# Noob....



## y4k (Apr 24, 2013)

Hi guys, firstly like to say very happy to have been accepted to the forum and look forward to reading about some wild and wonderful fishing stories, but am new to the sport of Kayak fishing only recently purchased my first 'yak' still yet to pick it up even lol but was after a few beginner lvl locations to try it out and get a feel for what its all about, any info greatly appreciated, estuaries or fresh water rivers probably my best bet first up but anything that is worth a visit further down the line will be taken into consideration, look forward to hearing from anyone that can help, cheers Richard.


----------



## yakgear (Mar 3, 2012)

Great nick name y4k ..

Good luck with the new yak.. Check out the safety section can be a lifesaver..

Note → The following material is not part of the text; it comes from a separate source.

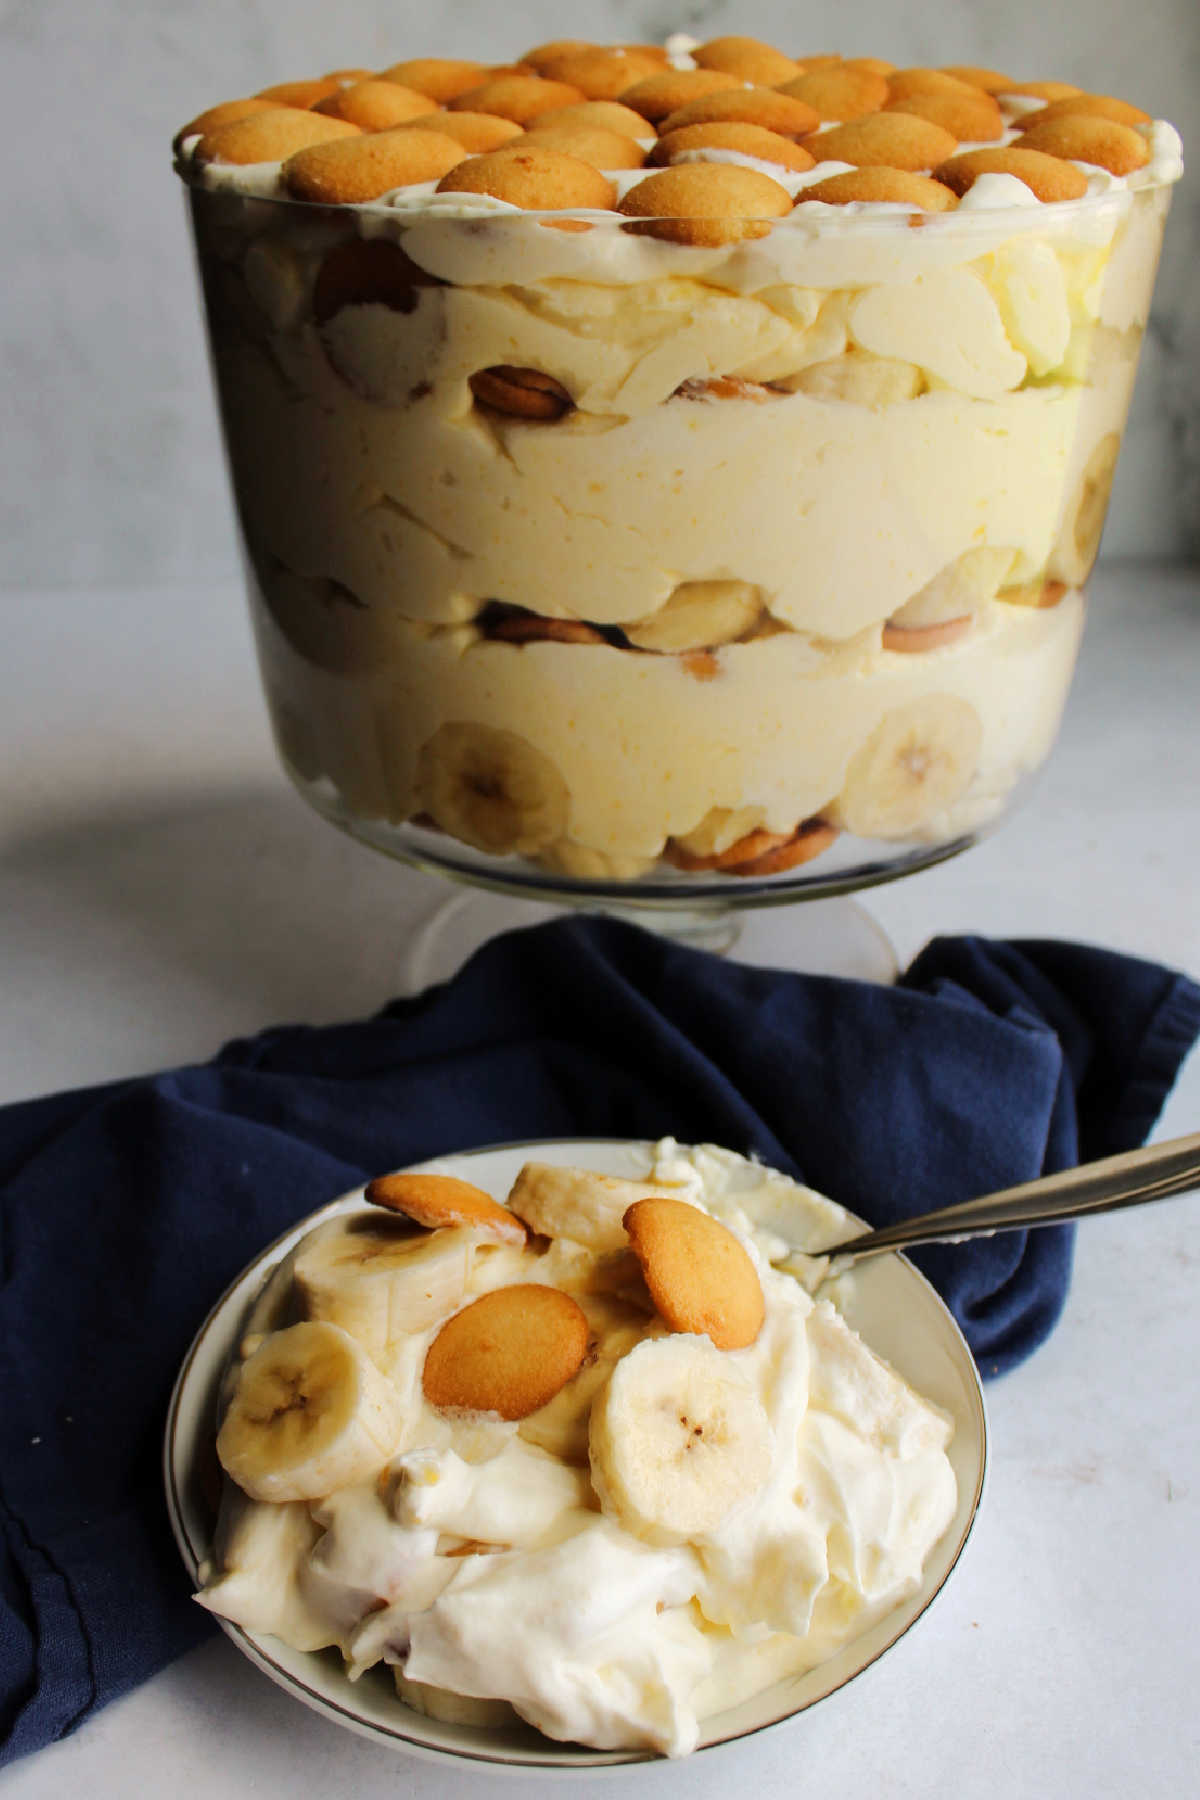 Serving of creamy banana pudding in bowl with remaining pudding in trifle bowl in the background.

What sort of yak did you get and where is home ?

Careful of the addiction.. Get out whilst you still can..


----------



## Salty Dog (Sep 18, 2005)

Welcome aboard Y4k. Where are you based? There should be someone on here that could give you a few suggestions on where to go, (not in a bad way ;-) )


----------



## y4k (Apr 24, 2013)

I guess when asking for advice on where i can start fishing my area would be kind of handy lol i am from Gippsland in Victoria approx an hr and a half from the city and as of yet i dont have any fishing stories to tell as im not picking up the kayak until the weekend after next when ill make the trek to sydney where its being built. I purchased a Marine Man Pro Angler, http://i764.photobucket.com/albums/xx28 ... f460fc.jpg
Hopefully soon will have some pics and stories to share with u all, until then Happy Fishing


----------



## TheFishinMusician (Feb 5, 2007)

SurfanFish said:


> Welcome Richard. There are a bunch of nutcases down your way. They'll likely be along in due course.


ahem!

Welcome Richard. If you're nearby then Blue Rock is always a good bet if the weathers nice, or if you want to start extra safe theres always lake narracan. You can stand up in most parts of that  
let us know when you get your boat & we'l have to organize a trip.


----------



## cheaterparts (Jul 3, 2010)

TheFishinMusician said:


> SurfanFish said:
> 
> 
> > Welcome Richard. There are a bunch of nutcases down your way. They'll likely be along in due course.
> ...


there are a few guys from the valley that head down to our muddy pond called westernport from time to time
it's quite a good fishery once you get up to speed wit your yak


----------



## y4k (Apr 24, 2013)

TheFishinMusician said:


> SurfanFish said:
> 
> 
> > Welcome Richard. There are a bunch of nutcases down your way. They'll likely be along in due course.
> ...


Yeah i think ill start at Blue Rock nice and open cant get into too much trouble, was at Lake Narracan on the weekend and the water lvl is even lower than normal so probably only good for scenic BBQs at the moment  Will get a few outings under my belt before i venture out with an audience lol would hate for the 'Noob' title to stick  but for sure once im comfortable on it would be awesome to do a trip, appreciate the offer.


----------